[Data excerpts]
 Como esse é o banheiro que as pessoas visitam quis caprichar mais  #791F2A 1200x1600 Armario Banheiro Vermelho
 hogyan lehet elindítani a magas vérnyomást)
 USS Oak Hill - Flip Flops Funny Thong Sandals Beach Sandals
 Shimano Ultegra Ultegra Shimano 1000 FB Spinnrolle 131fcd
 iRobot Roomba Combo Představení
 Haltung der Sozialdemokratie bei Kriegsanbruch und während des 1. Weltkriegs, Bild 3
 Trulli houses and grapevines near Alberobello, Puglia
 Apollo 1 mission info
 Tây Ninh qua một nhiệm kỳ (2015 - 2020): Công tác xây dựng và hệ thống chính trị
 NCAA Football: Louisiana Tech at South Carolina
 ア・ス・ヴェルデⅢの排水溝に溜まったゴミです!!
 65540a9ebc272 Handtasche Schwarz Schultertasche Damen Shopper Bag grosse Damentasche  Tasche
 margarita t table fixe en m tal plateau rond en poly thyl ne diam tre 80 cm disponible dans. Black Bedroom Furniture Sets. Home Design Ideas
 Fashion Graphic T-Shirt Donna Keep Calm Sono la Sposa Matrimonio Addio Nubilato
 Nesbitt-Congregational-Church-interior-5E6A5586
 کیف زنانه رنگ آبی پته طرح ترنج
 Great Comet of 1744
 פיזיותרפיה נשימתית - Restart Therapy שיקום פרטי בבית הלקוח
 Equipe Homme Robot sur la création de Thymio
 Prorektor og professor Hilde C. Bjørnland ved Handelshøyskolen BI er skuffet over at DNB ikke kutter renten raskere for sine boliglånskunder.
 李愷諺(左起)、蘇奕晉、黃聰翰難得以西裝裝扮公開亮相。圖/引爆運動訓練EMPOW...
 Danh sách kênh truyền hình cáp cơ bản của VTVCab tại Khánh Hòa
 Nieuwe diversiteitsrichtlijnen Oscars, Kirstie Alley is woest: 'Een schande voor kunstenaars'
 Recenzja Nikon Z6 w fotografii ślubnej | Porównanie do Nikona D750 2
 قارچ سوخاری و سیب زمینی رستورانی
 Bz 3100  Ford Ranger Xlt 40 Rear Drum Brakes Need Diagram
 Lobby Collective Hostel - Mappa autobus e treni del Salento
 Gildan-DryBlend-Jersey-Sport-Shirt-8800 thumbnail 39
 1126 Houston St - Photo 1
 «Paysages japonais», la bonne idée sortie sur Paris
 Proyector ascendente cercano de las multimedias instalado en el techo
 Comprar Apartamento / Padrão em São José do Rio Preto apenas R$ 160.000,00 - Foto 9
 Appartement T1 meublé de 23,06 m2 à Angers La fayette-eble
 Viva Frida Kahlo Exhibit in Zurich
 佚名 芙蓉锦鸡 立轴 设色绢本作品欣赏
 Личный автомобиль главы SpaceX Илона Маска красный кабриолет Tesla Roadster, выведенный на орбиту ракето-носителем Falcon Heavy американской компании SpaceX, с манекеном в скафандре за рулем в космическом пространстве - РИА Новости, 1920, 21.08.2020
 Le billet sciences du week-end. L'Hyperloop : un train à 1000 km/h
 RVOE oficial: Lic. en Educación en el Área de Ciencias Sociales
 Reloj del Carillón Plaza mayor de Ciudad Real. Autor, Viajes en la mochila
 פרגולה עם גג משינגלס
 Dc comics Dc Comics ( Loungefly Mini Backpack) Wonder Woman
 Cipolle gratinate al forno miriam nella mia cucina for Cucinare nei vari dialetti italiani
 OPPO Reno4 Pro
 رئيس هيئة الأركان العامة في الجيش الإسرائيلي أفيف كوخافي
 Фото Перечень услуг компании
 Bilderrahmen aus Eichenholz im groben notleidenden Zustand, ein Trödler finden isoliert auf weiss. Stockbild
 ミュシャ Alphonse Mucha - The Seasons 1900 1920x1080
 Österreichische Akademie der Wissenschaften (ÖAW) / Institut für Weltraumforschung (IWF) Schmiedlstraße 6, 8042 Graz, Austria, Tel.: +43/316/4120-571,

» **THE PROBLEM**:
Set down, from the entries above, exactly the lines from the one with "佚名 芙蓉锦鸡 立轴 设色绢本作品欣赏" up to and including the one with "ミュシャ Alphonse Mucha", and no other lines.

» **TASK SOLUTION**:
 佚名 芙蓉锦鸡 立轴 设色绢本作品欣赏
 Личный автомобиль главы SpaceX Илона Маска красный кабриолет Tesla Roadster, выведенный на орбиту ракето-носителем Falcon Heavy американской компании SpaceX, с манекеном в скафандре за рулем в космическом пространстве - РИА Новости, 1920, 21.08.2020
 Le billet sciences du week-end. L'Hyperloop : un train à 1000 km/h
 RVOE oficial: Lic. en Educación en el Área de Ciencias Sociales
 Reloj del Carillón Plaza mayor de Ciudad Real. Autor, Viajes en la mochila
 פרגולה עם גג משינגלס
 Dc comics Dc Comics ( Loungefly Mini Backpack) Wonder Woman
 Cipolle gratinate al forno miriam nella mia cucina for Cucinare nei vari dialetti italiani
 OPPO Reno4 Pro
 رئيس هيئة الأركان العامة في الجيش الإسرائيلي أفيف كوخافي
 Фото Перечень услуг компании
 Bilderrahmen aus Eichenholz im groben notleidenden Zustand, ein Trödler finden isoliert auf weiss. Stockbild
 ミュシャ Alphonse Mucha - The Seasons 1900 1920x1080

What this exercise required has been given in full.